Extended Data Fig. 7: Gene programs, and cell cycle changes impacted by KRAS variants.

a-d. Gene programs impacted by variant classes. a-b. UMAP embedding of single-cell profiles (b), colored by program scores (color bar) and labeled by selected Gene Ontology biological processes enriched in genes from each program (a). c. CDF for program scores (x axis) for each variant, colored by class. d. Average expression (z-score, color bar) in cells of each variant (columns) of genes (rows) most correlated with the mean of the expression program. e. Difference (dot color) in mean expression of each gene program (rows) between the cells in each cluster (columns, as in Fig. 4e) and all other cells, and the significance of this difference (dot size, -log10(adj. p-value, Benjamini-Hochberg procedure), Kolmogorov-Smirnov test, Methods). Colored border: BH FDR<10%. f. ROC curve of the true positive (y axis) and false positive (x axis) rate when using each PC (color) to distinguish between single cells with synonymous variants and those with variants in hotspot positions 12, 13 and 61. Color legend: Area Under the ROC curve (AUROC) for each variant. g,h. Principal component analysis. g. UMAP embedding of single-cell profiles, colored by principal component (PC) scores (color bar), for each of the first 10 PCs. h.

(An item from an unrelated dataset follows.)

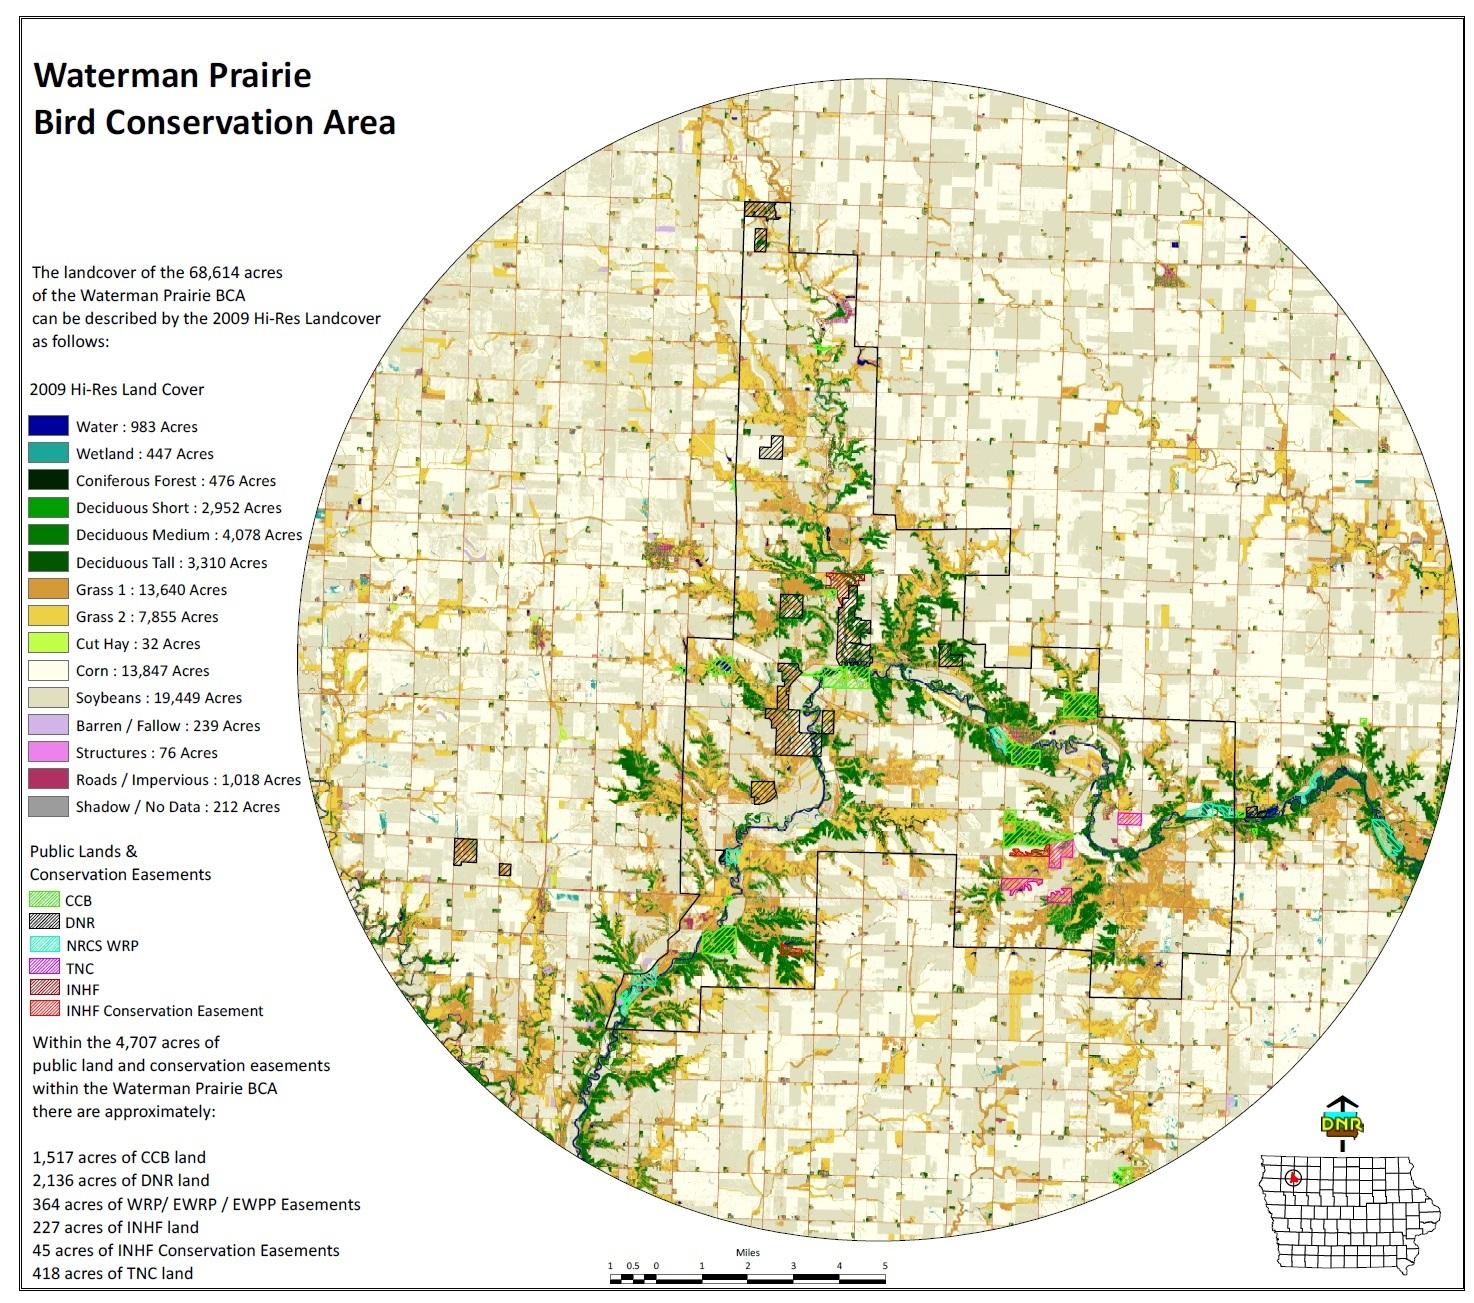 Waterman_Pr__BCA_Map_Final_2-17-15

CDFs for the PC scores (x axis) for the cells of each variant, colored by class. i. Variant expression (y axis) as a function of PC 3 scores (x axis), for each variant (dots). Variants are colored by variant class. j. Proportion of cells in each cell cycle phase (y axis) among cells carrying each of 98 variants (dots, n=median 1058 cells/variant) across variant classes (x axis). P-values for a two-sided t-test have been adjusted using the Benjamini-Hochberg procedure.